Gabrielle Welch
Owner, Welch Wellness
Houston, Texas
MBA ‘96
When Gabrielle Welch starts talking about the importance of kids’ nutrition, her passion is contagious. She aptly says she’s speaking from her “pizza box,” rather than her soapbox, as she discusses the pervasiveness of junk food.
“This is the first generation of children not expected to outlive their parents,” said Welch, founder of Welch Wellness and author of The Pizza Trap: Every Mom’s Guide to Breaking Children’s Dangerous Food Addictions, Ending Mealtime Battles and Building Healthy Habits for Life. “It’s only because of what kids are putting in their bodies. Period. One in three kids born in 2000 are expected to be diabetic by the time they’re 18. That’s my child. That’s real.”
Welch’s eldest daughter is the reason she is in the nutrition business. She was born with chronic health issues, including asthma and eczema.
“They wanted her taking several medications, and I didn’t see improvements in her health,” Welch said. “She was three and would most likely have to take medications for her entire life. That wasn’t the lifestyle I wanted for her. I realized early on we had to change our food and environment, so I looked at healing through food and taking out things that could exacerbate the problem. Her health improved dramatically. Food changes everything.”
Seeing her daughter’s health improve motivated Welch to start her own company in 2010.
“I realized there were a lot of people who suffered with the same problems,” she said. “I had a nine-year journey discovering and reading and gathering all of this information. And I learned by default with my kids. For other families going through similar health struggles with their kids, I wanted there to be a guide out there for them.”
Luckily, Welch had decided to get her MBA from Baylor early in her career, and those classes would help set the foundation for her company.
“I started Welch Wellness from the ground up with me, myself and I, and no real experience in starting a business,” she said. “Things I thought I’d never use again have been really useful to me. Marketing, accounting and finance, and even now with social media: these are all tools I need to run my business.”
Welch’s formal and informal education led her to write her book a few years later too.
“My feeling was, ‘Gosh, I wish I had something like that to read when my kids were little, so I could avoid a lot of things I had to go through with them,’” she said. “It’s the only book of its kind that tackles the issue of feeding our kids from a three-pronged approach: how to take back control and win the behavioral battle around healthy eating, how to decipher what’s happening in our country’s food environment so that we can teach our children to make better choices from an early age, how to navigate the grocery store, and choose healthy food alternatives when eating out or on-the-go, etc.
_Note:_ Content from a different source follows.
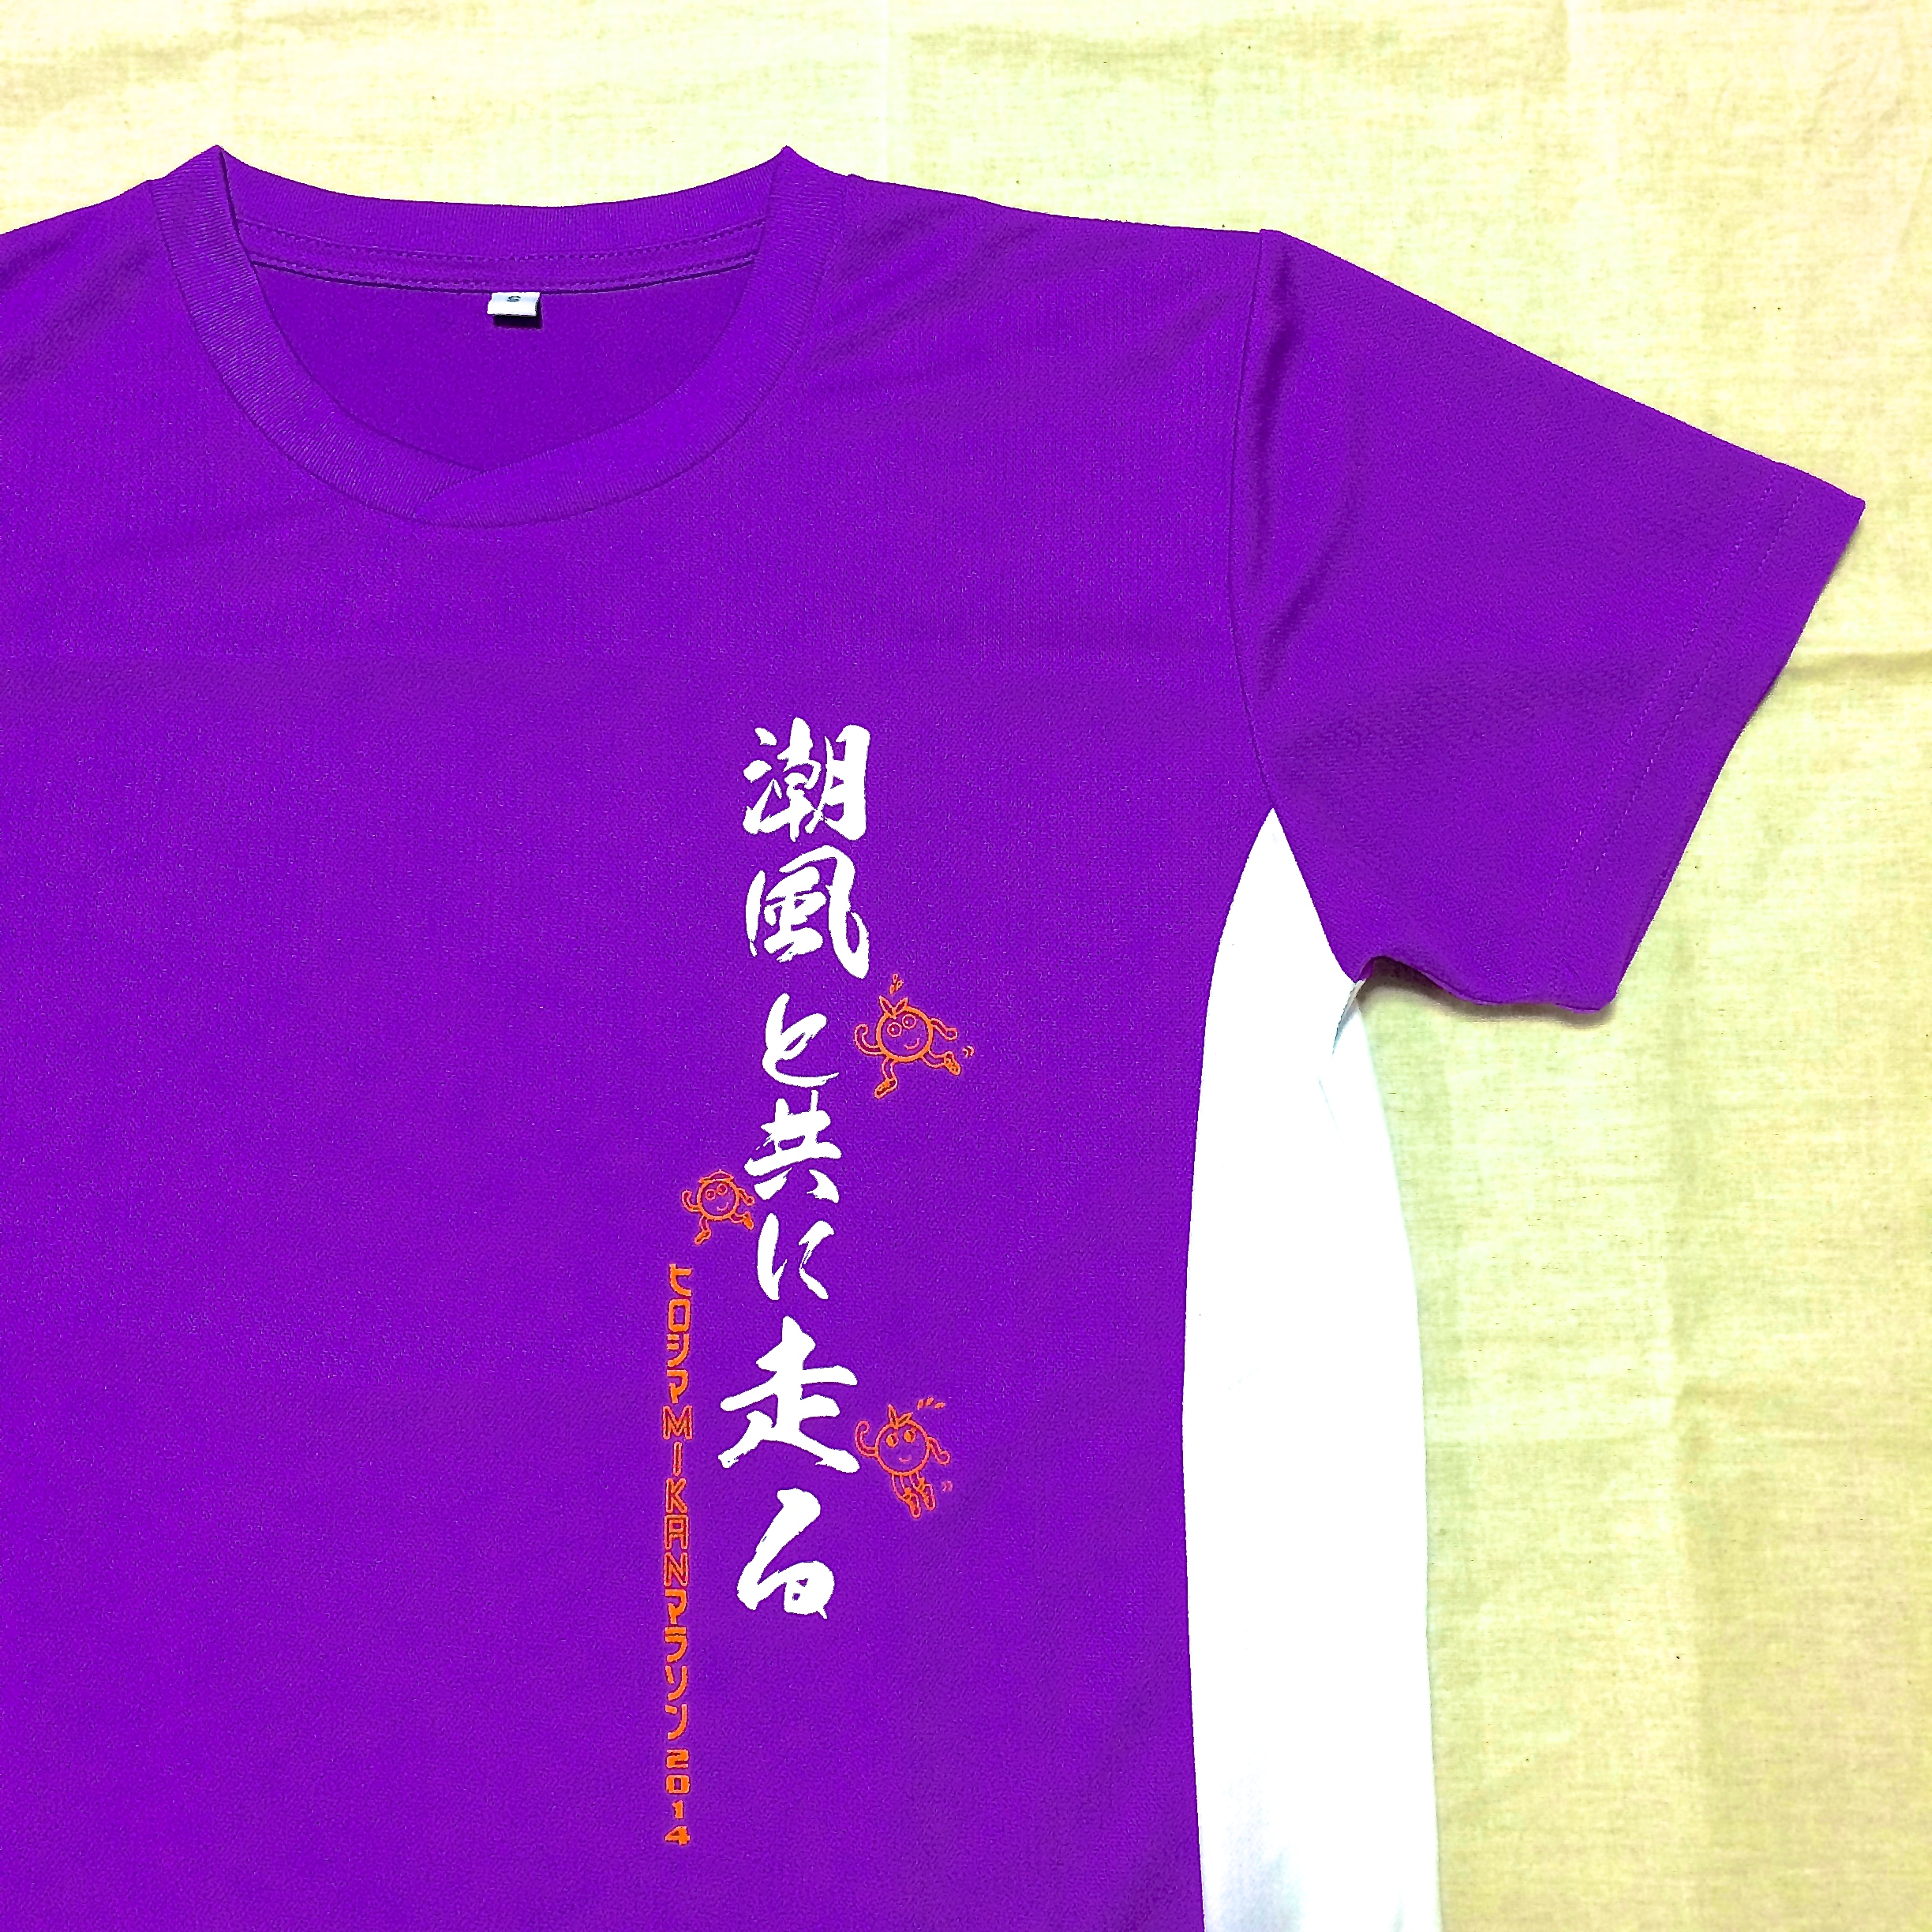 ヒロシマMIKANマラソン2014Tシャツ

It’s a hodge podge of information.”
She insists healthy food and a healthy environment should be part of a child’s upbringing from the day he or she is born.
“We’re talking to our kids about bullying, drugs and alcohol, but as parents we aren’t talking to our kids about the health issues associated with fast food and junk food,” Welch said. “Many kids may never have issues with drugs or alcohol or bullying, but they are exposed to junk food or unhealthy food choices daily. We call this the Standard American Diet, or SAD diet: a diet full of sugary, salty and fatty, processed foods. There is nothing that we experience with our kids that we don’t create, promote or allow.”
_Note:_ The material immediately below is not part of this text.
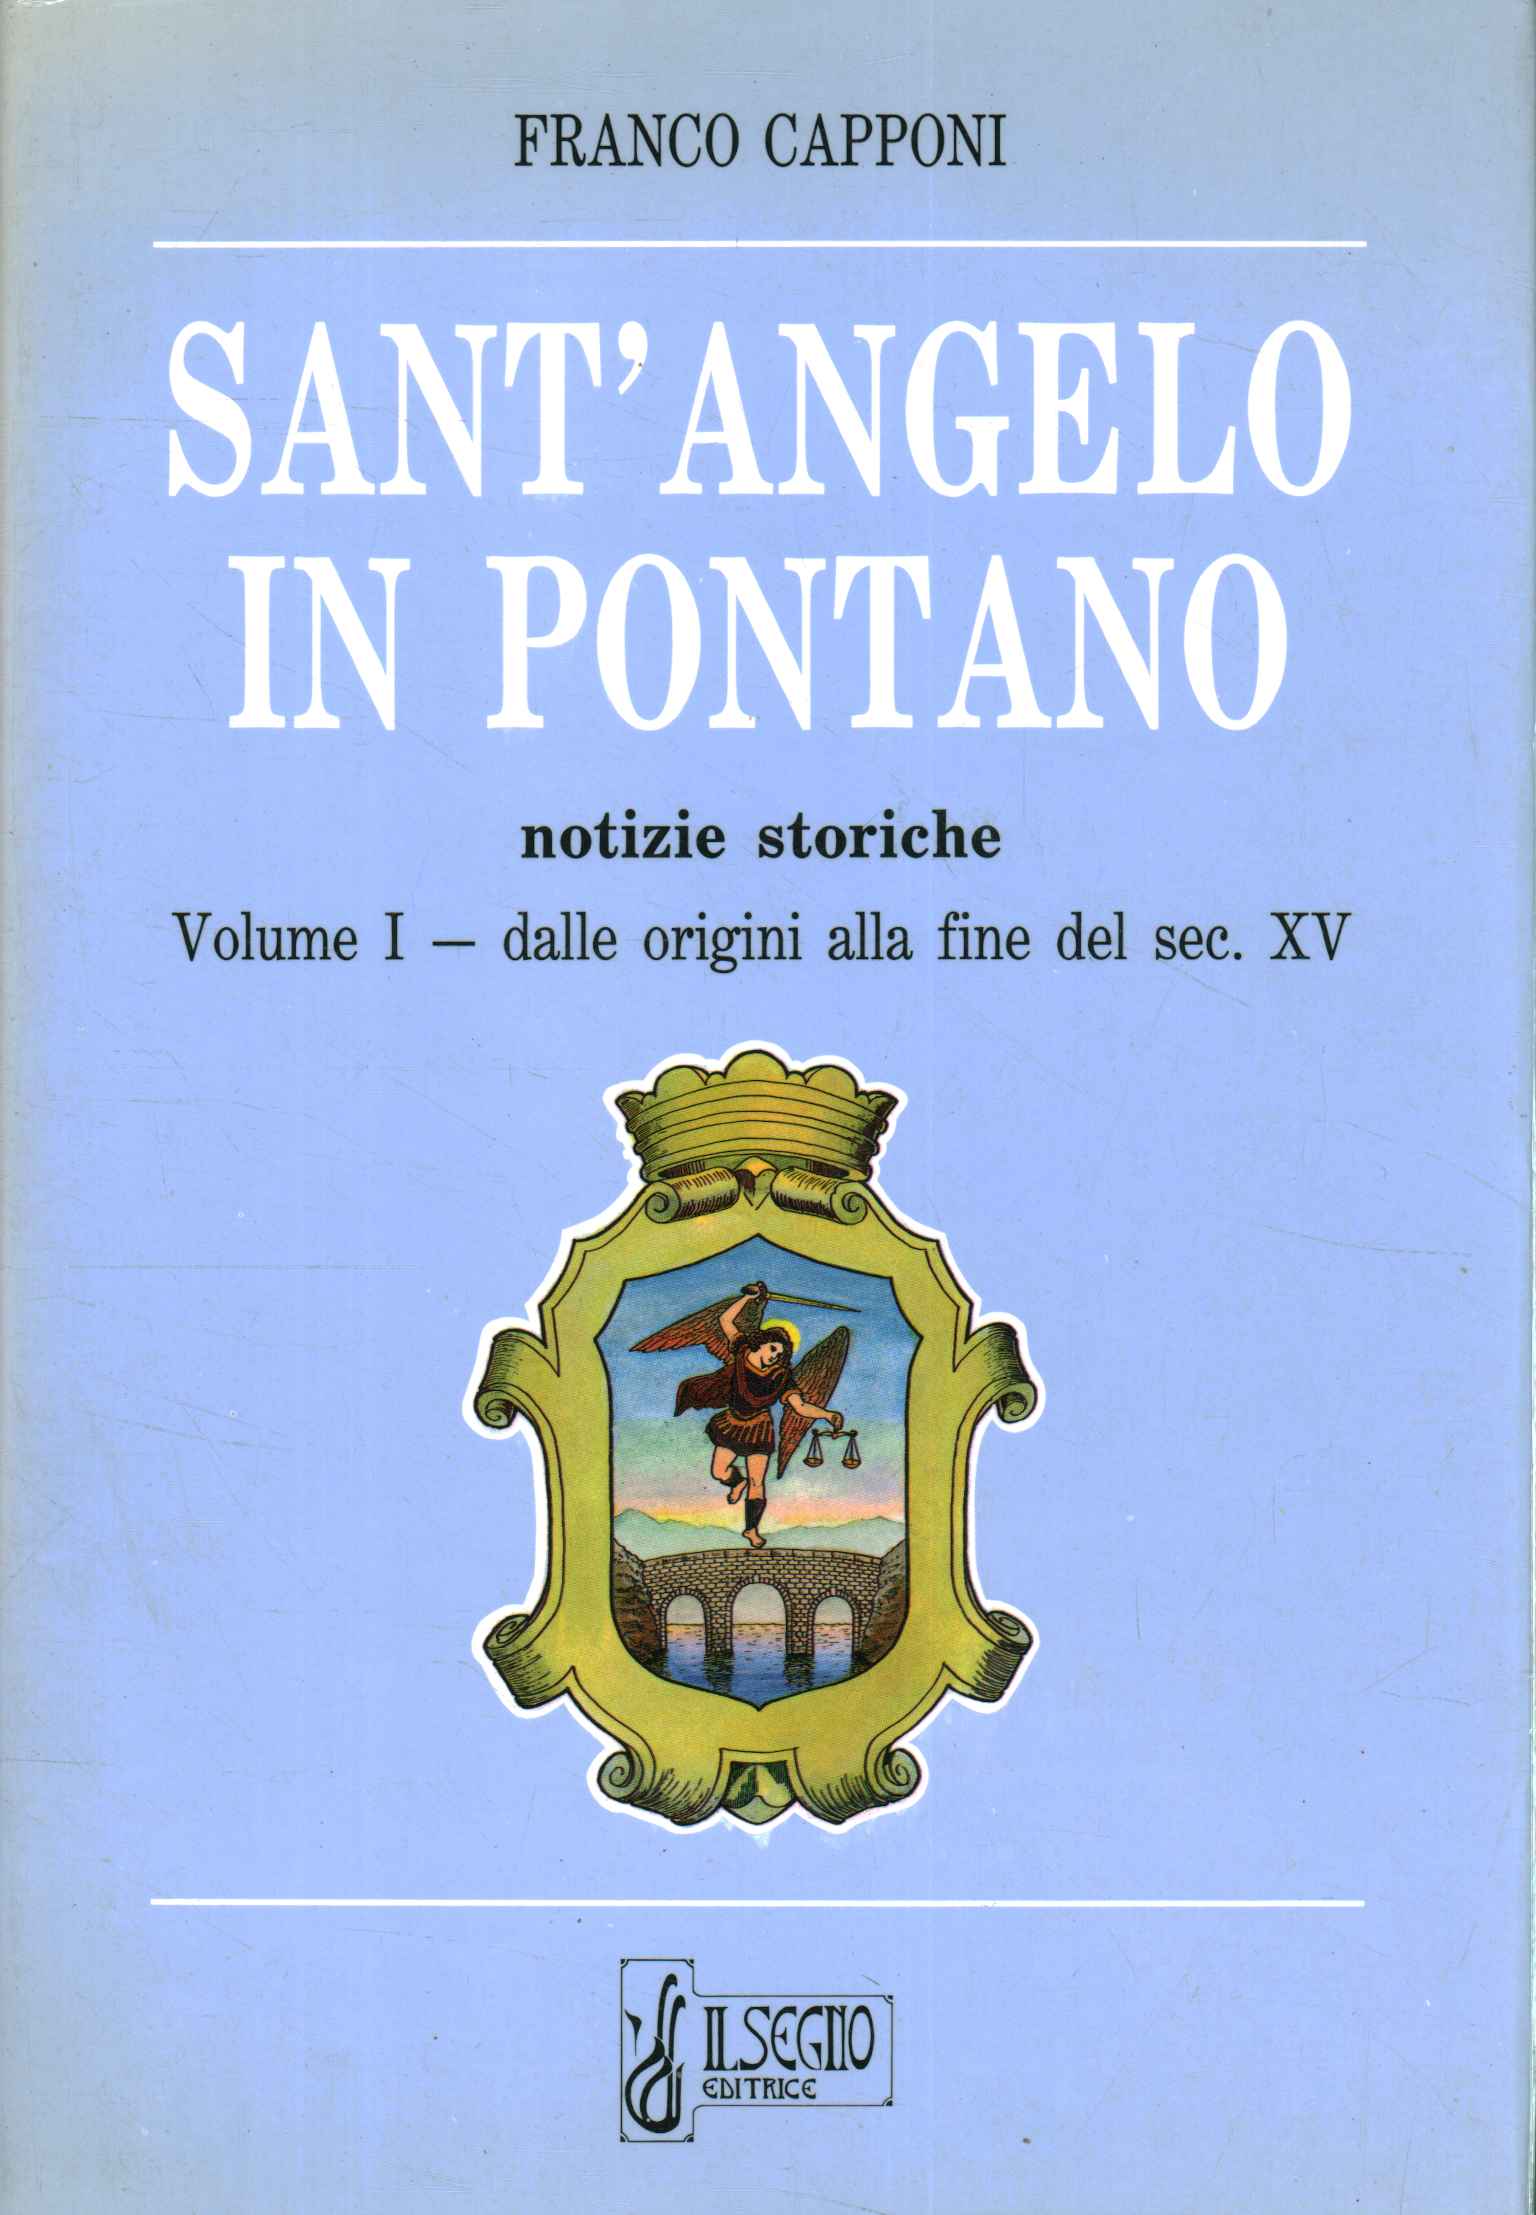 Sant'Angelo en Pontano

Over the past few generations, Americans have disassociated food with health, according to Welch, but, in recent years, there has been more research and funding given to nutrition and holistic health, and the effects of food as medicine. Plus, there is more information available for those seeking healthy alternatives.
“There are so many incredible food activists, mommy bloggers and parents of sick children who are writing big companies insisting on change because they are fed up,” she said. “If enough parents stand up, sign petitions and go to Congress, changes will be made.”
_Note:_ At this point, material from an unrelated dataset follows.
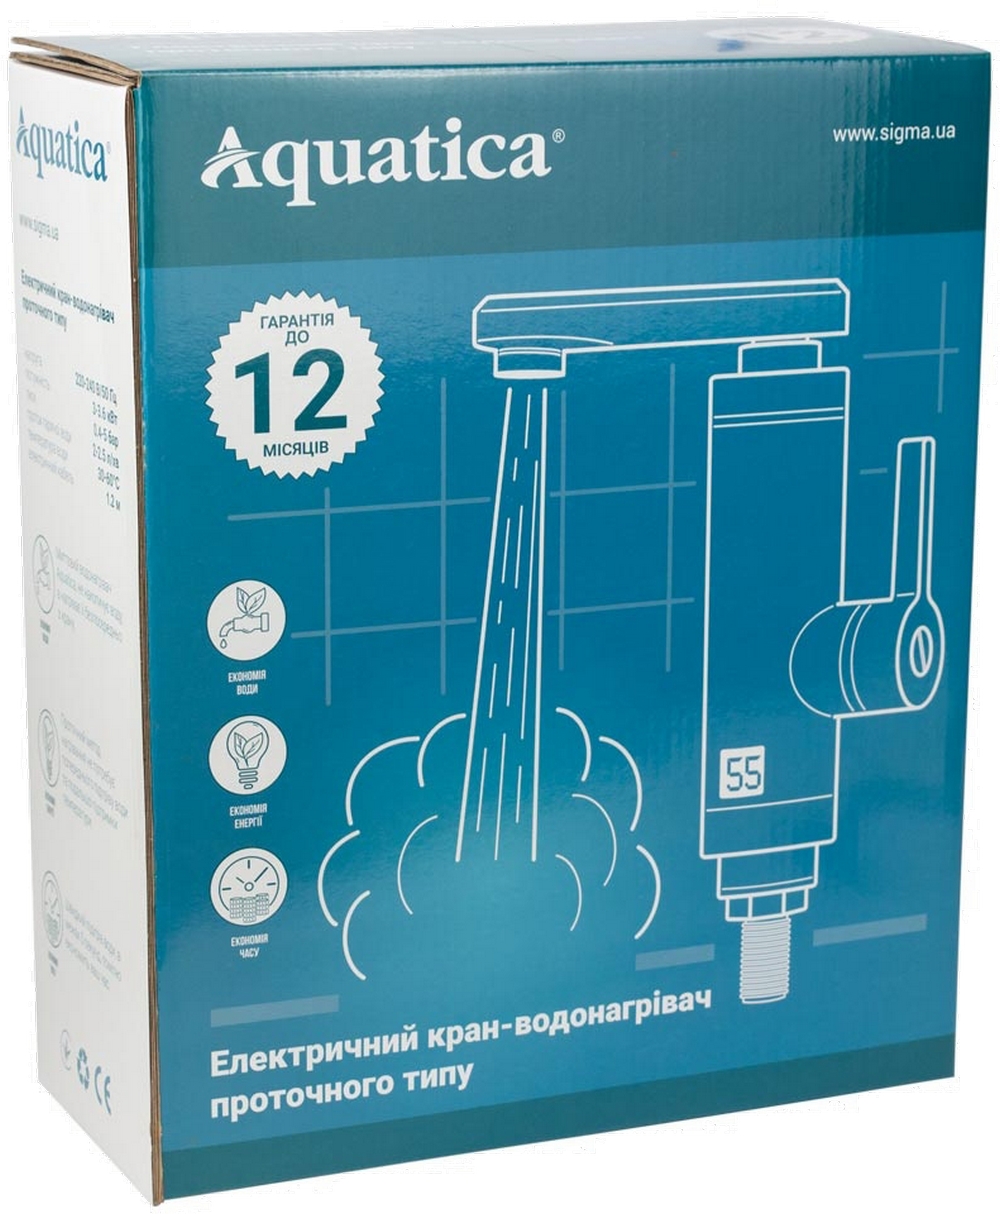 Проточный водонагреватель Aquatica JZ-7C141W цена 1513.00 грн - фотография 2

Since beginning her mission to create wholesome households to mitigate health concerns in children, Welch has noticed some setbacks, but she believes that progress is being made for a healthier society.
“I see positive change every day, especially when meeting with clients, talking with concerned moms and teaching my classes. But in the end, it comes down to the children. This generation of kids is going to change the way we eat and live for good.”